▼
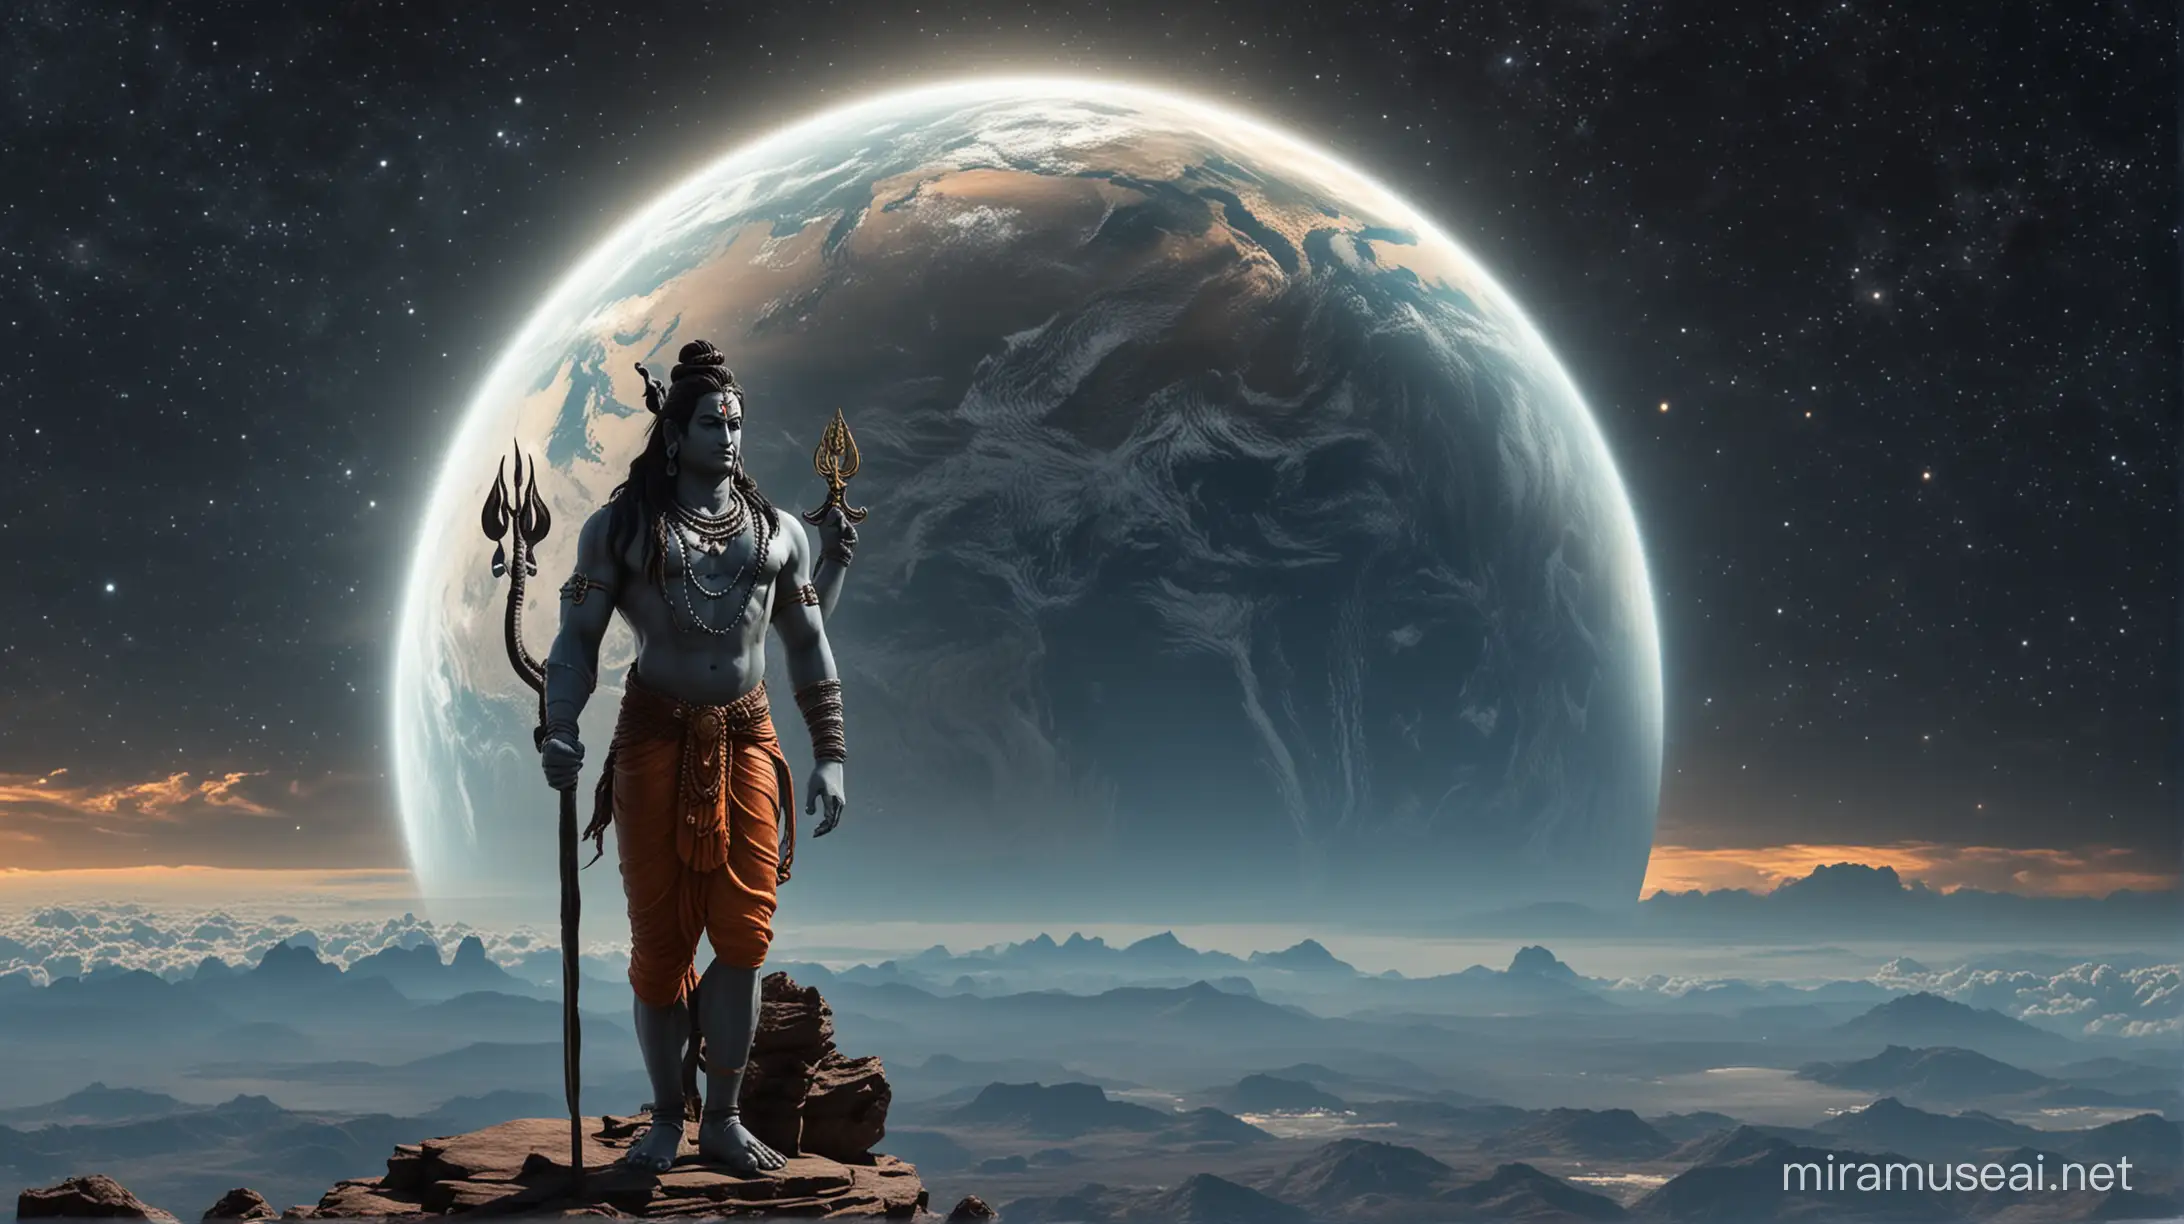 Lord Shiva Contemplating Earth Amidst Cosmic Serenity
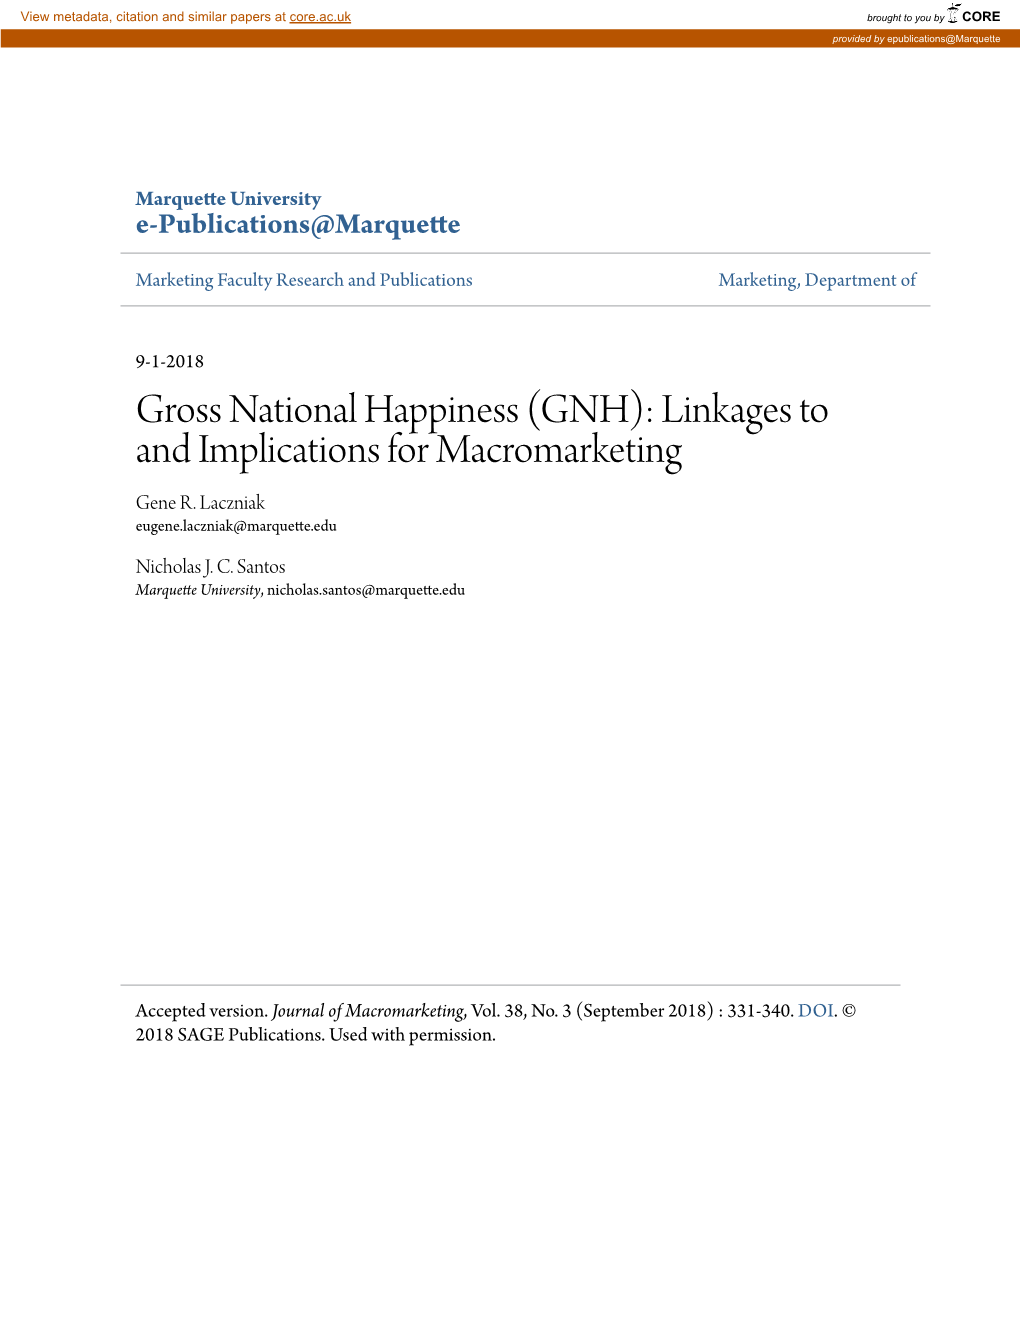 Gross National Happiness (GNH): Linkages to and Implications for Macromarketing Gene R
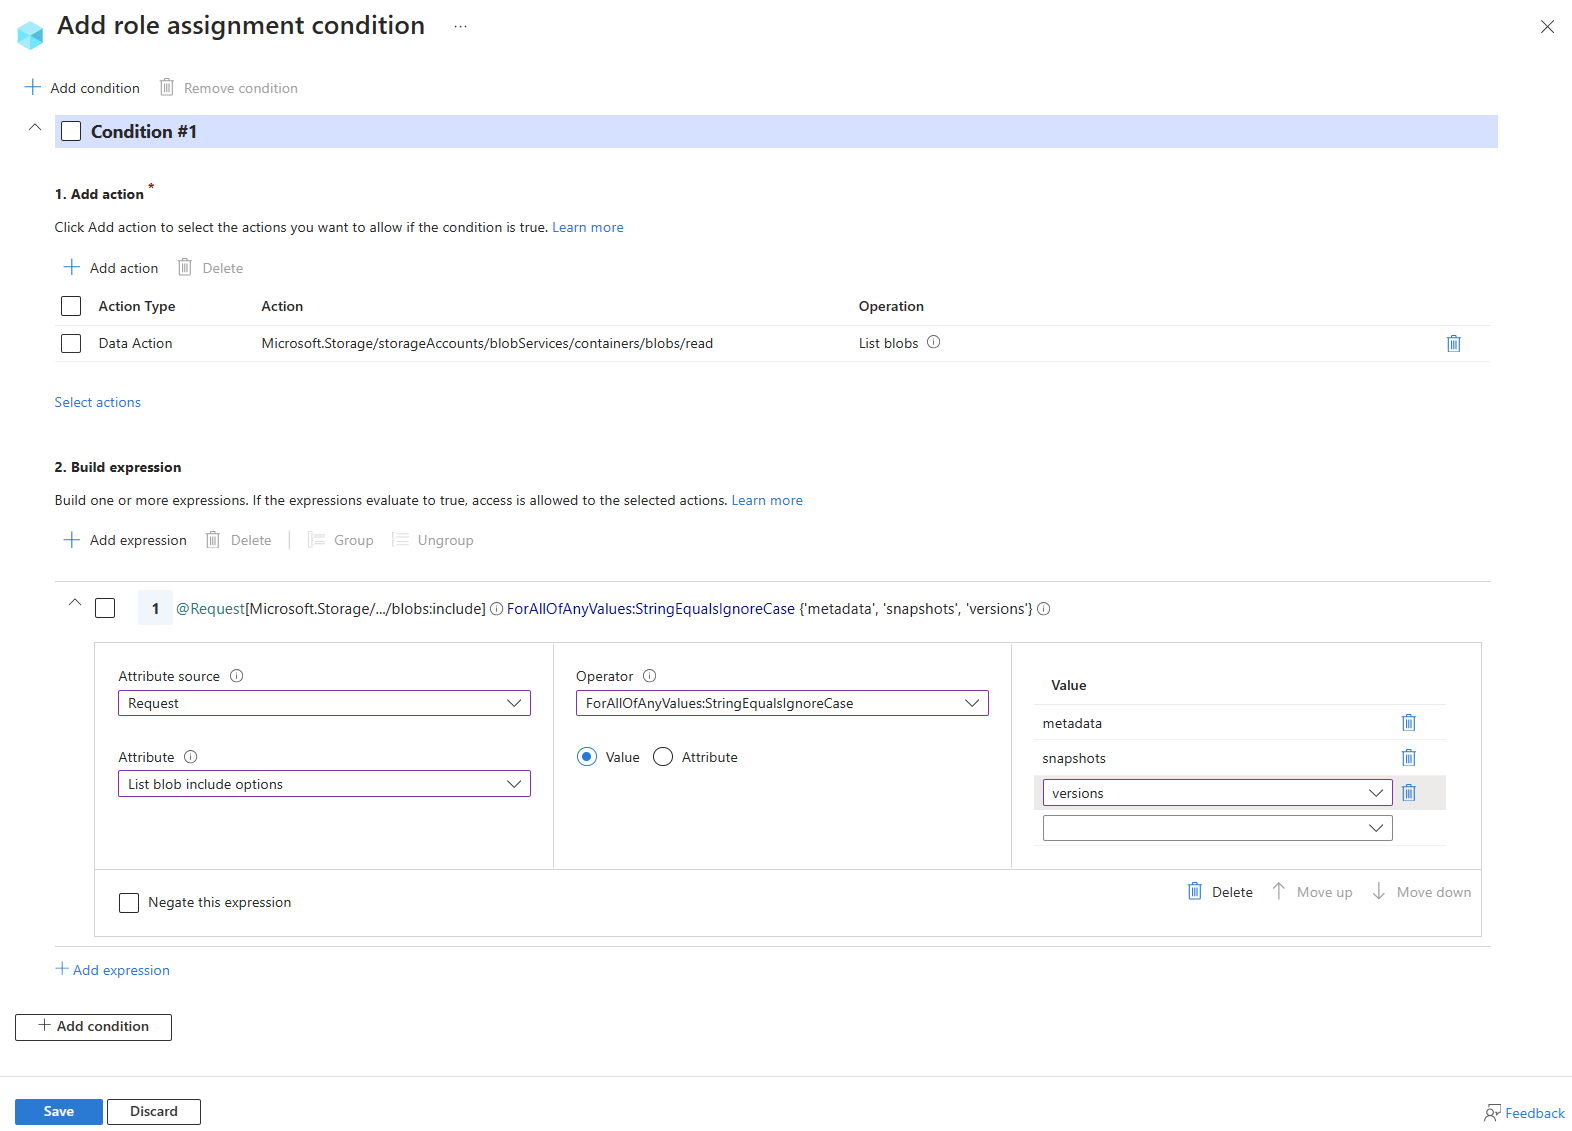 Screenshot of condition editor in Azure portal showing a condition to allow a user to list blobs in a container and include metadata, snapshot, and version information.
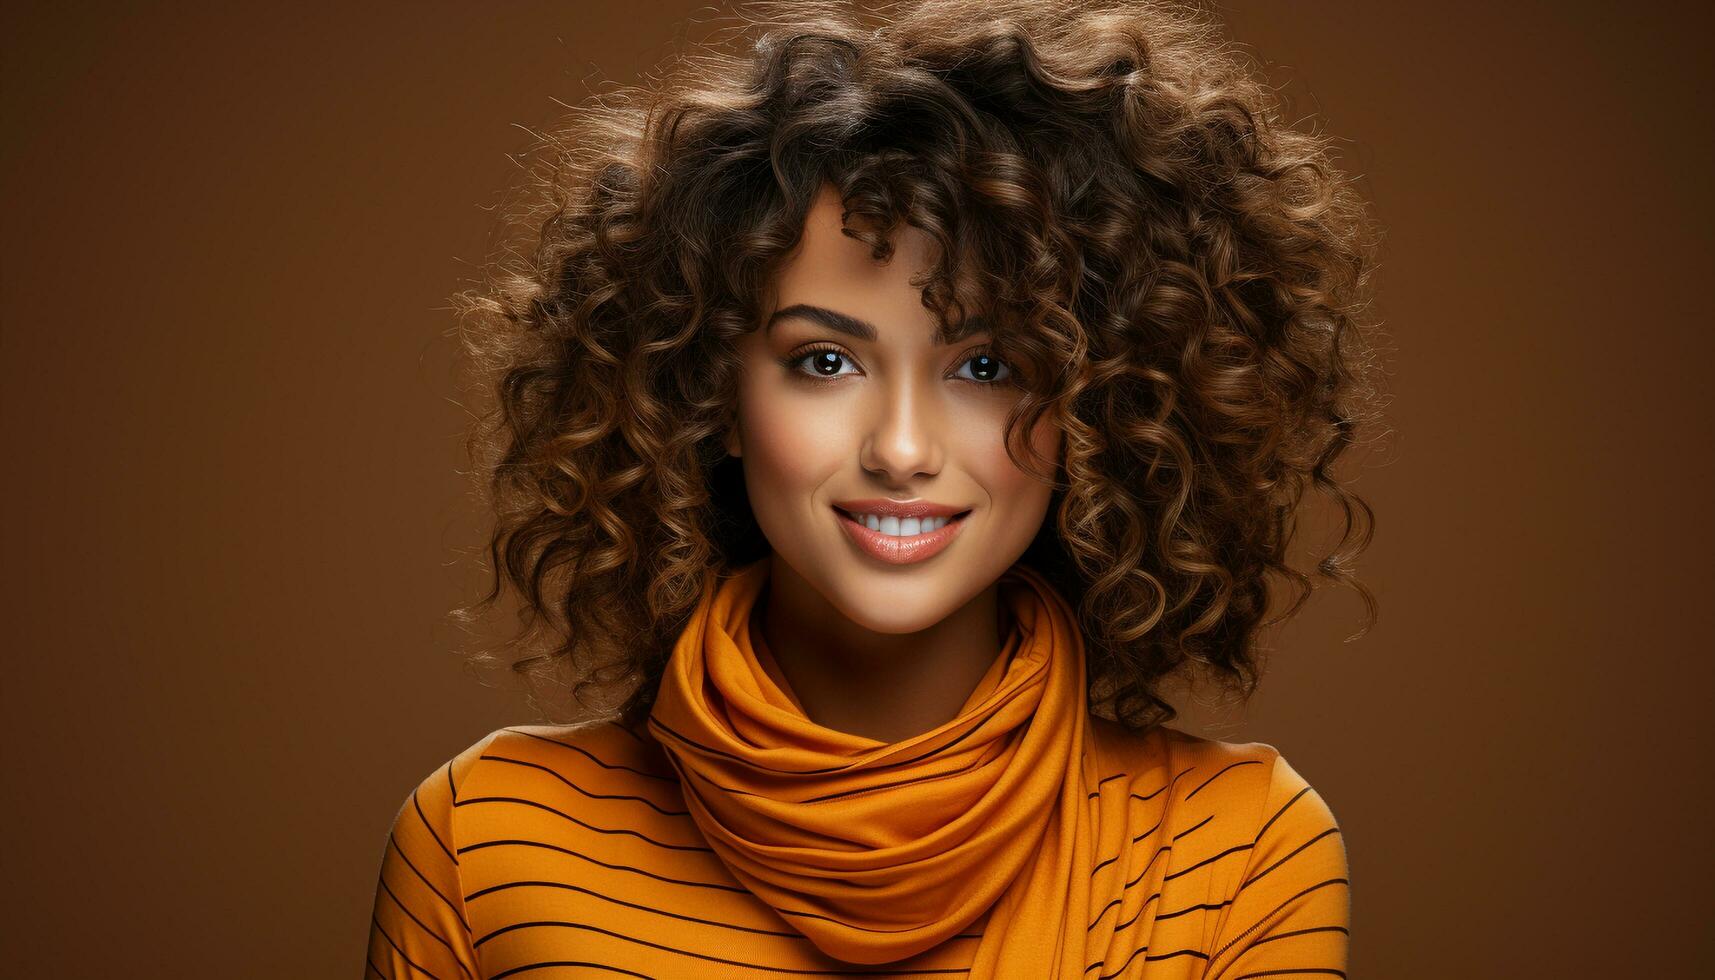 One beautiful woman with curly hair smiling at camera generated by AI photo
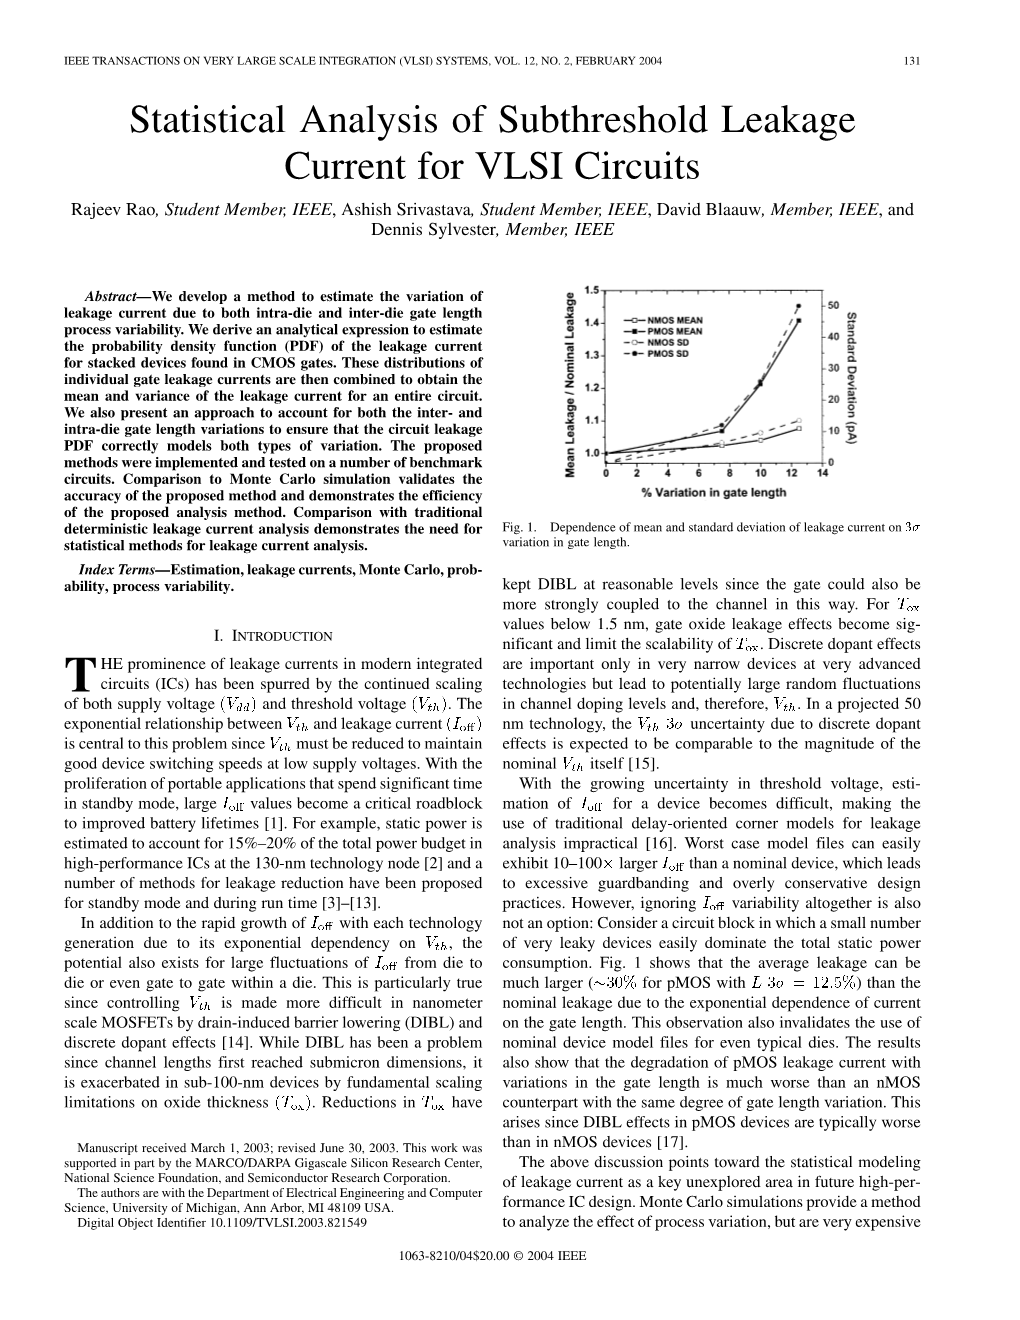 Statistical Analysis of Subthreshold Leakage Current for VLSI Circuits
▲
■ REQUIRED ACTION:
Print each line of the listing exactly and include no pictures.

■ REPLY TO THE EXERCISE:
 Lord Shiva Contemplating Earth Amidst Cosmic Serenity
 Gross National Happiness (GNH): Linkages to and Implications for Macromarketing Gene R
 Screenshot of condition editor in Azure portal showing a condition to allow a user to list blobs in a container and include metadata, snapshot, and version information.
 One beautiful woman with curly hair smiling at camera generated by AI photo
 Statistical Analysis of Subthreshold Leakage Current for VLSI Circuits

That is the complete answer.